A Time-Space varying Distributed Unit Hydrograph (TS-DUH) for lare-scale operative flash flood forecast

Abstract

Increasing threats of flash flood call for effective and operative ways to offer accurate forecasting and warning. In this study, a Time-Space varying Distributed Unit Hydrograph (TS-DUH) based on publicly-available-only data is proposed for efficient flash flood forecasting. As in the traditional spatially distributed unit hydrograph (SDUH) method, TS-DUH initially estimates the runoff travel time (and flow velocity) from each location within a catchment to the outlet based on topographic and hydroclimate characteristics. However, the delineation of the runoff-drainage process is further adjusted by considering the heterogeneous and dynamic runoff contribution caused by rainfall and soil moisture variations. The excess rainfall is estimated by the widely used Global Flood Monitoring System (GFMS) which provides long-term (2000-present) well-archived and real-time operative global runoff datasets from a state-of-the-art DRIVE model (DRIVE-Runoff). An alternative excess rainfall input is taken from the Soil Conservation Service's curve number method (CN-Runoff). The performance of the TS-GUH method is evaluated using 6,324 flash flood events of 281 small-to-medium-sized catchments in the CONUS, with 1,686 events used for calibration.
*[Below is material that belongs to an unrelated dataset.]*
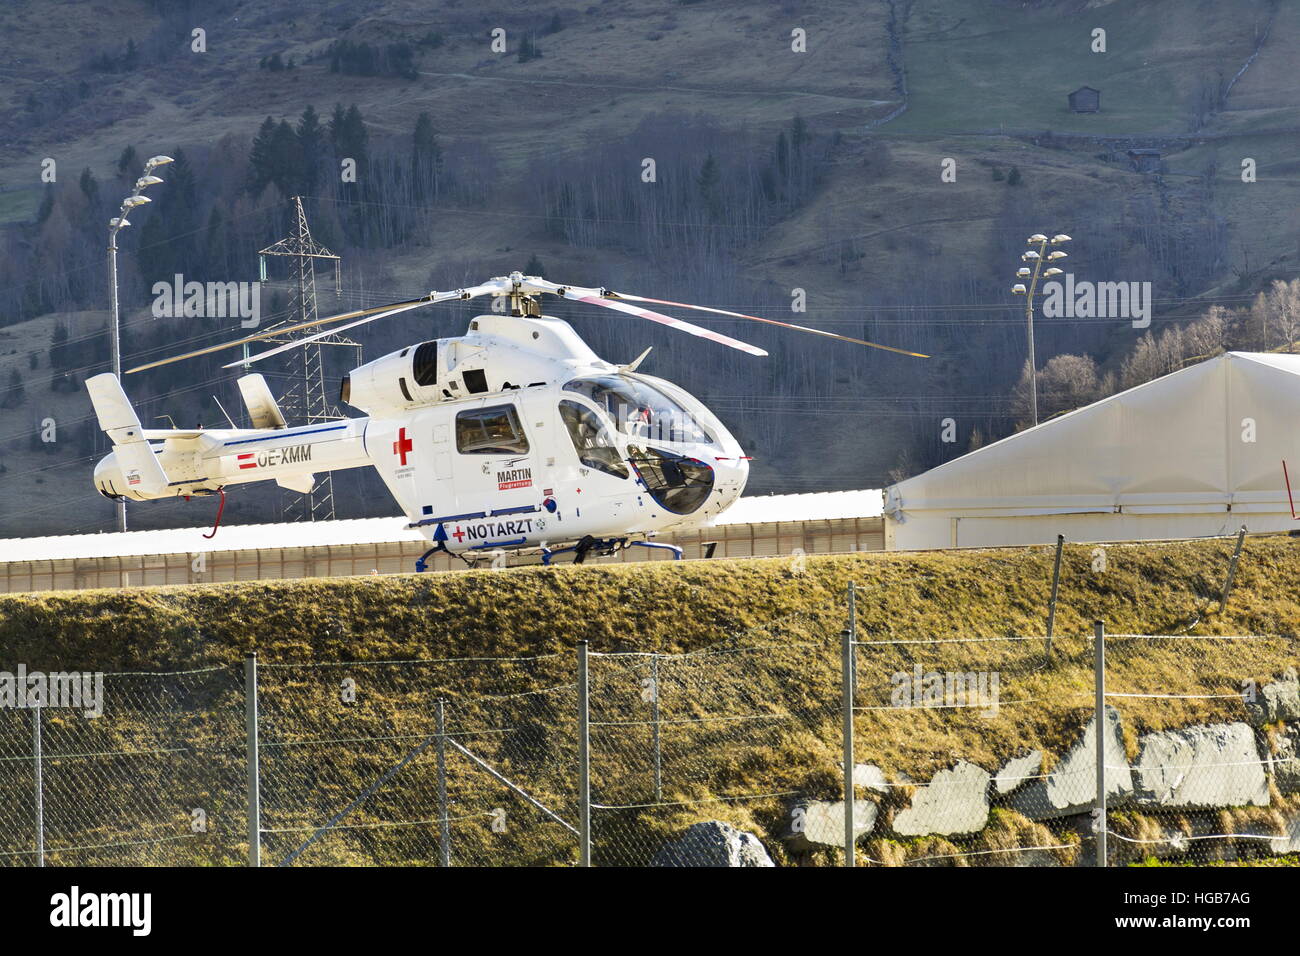 Red Cross medic MD Helicopter MD Explorer by McDonnell Douglas Helicopter Systems stands on heliport in Matrei, Austria Stock Photo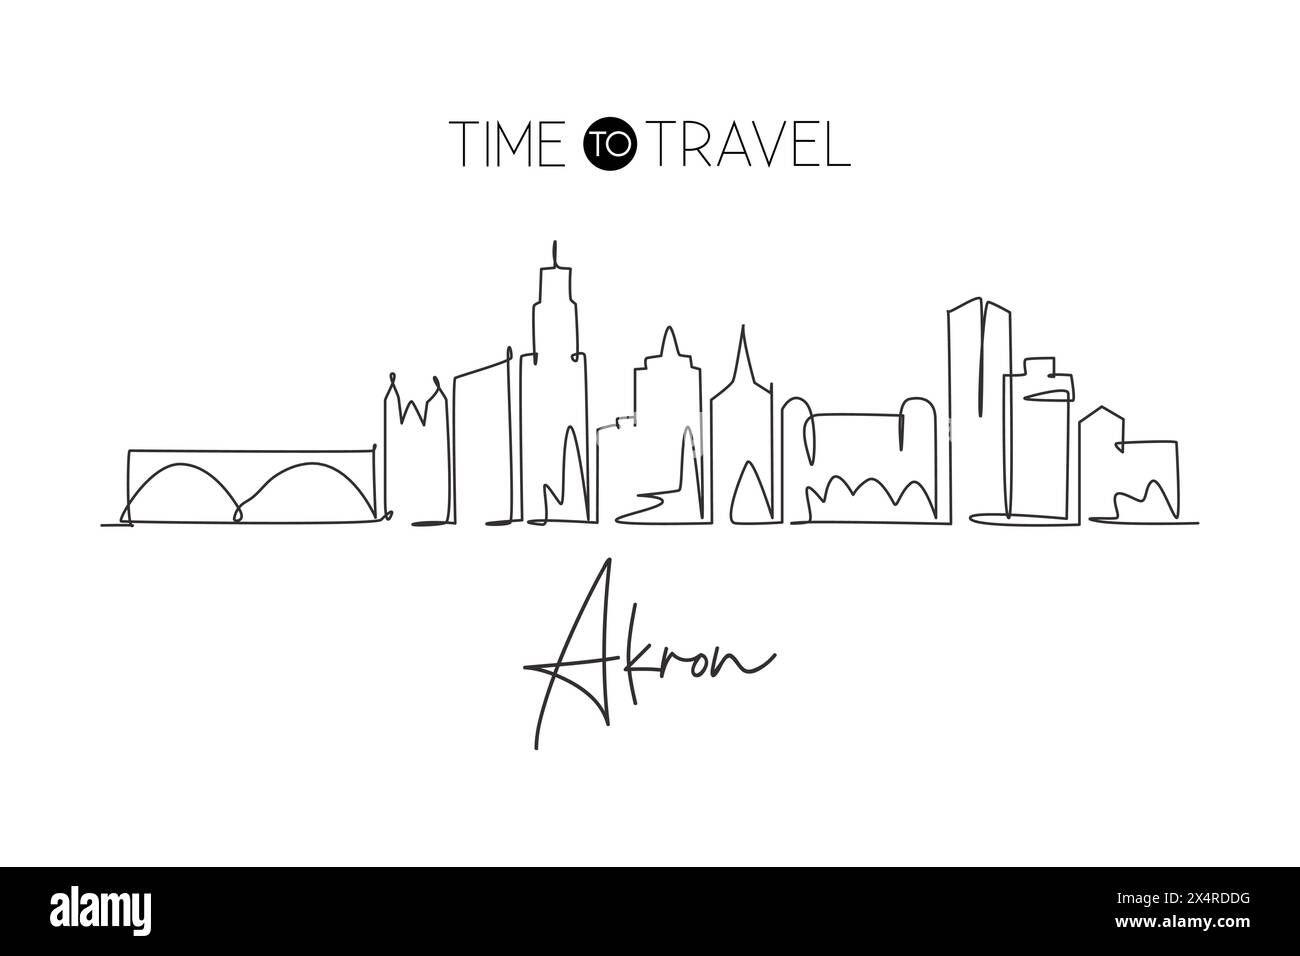 Single continuous line drawing Akron city skyline, Ohio. Famous city scraper landscape. World travel home wall decor art poster print concept. Modern Stock Vector

The validation results show that using DRIVE-Runoff is better than CN-Runoff, 99% and 71% of events have KGE values greater than 0 and 0.5, respectively, with a median KGE value of 0.6 and the probability of detection (POD) of flood events 0.9. More importantly, using near real-time satellite rainfall-driven DRIVE-Runoff, long-term flow simulation (2003-2020) without calibration at 803 gauges shows better performance of TS-DUH than the original GFMS, with a median KGE improvement of 0.15. This combined UH and numerical hydrological model approach showed great potential for flash food monitoring and forecasting at regional or global scales.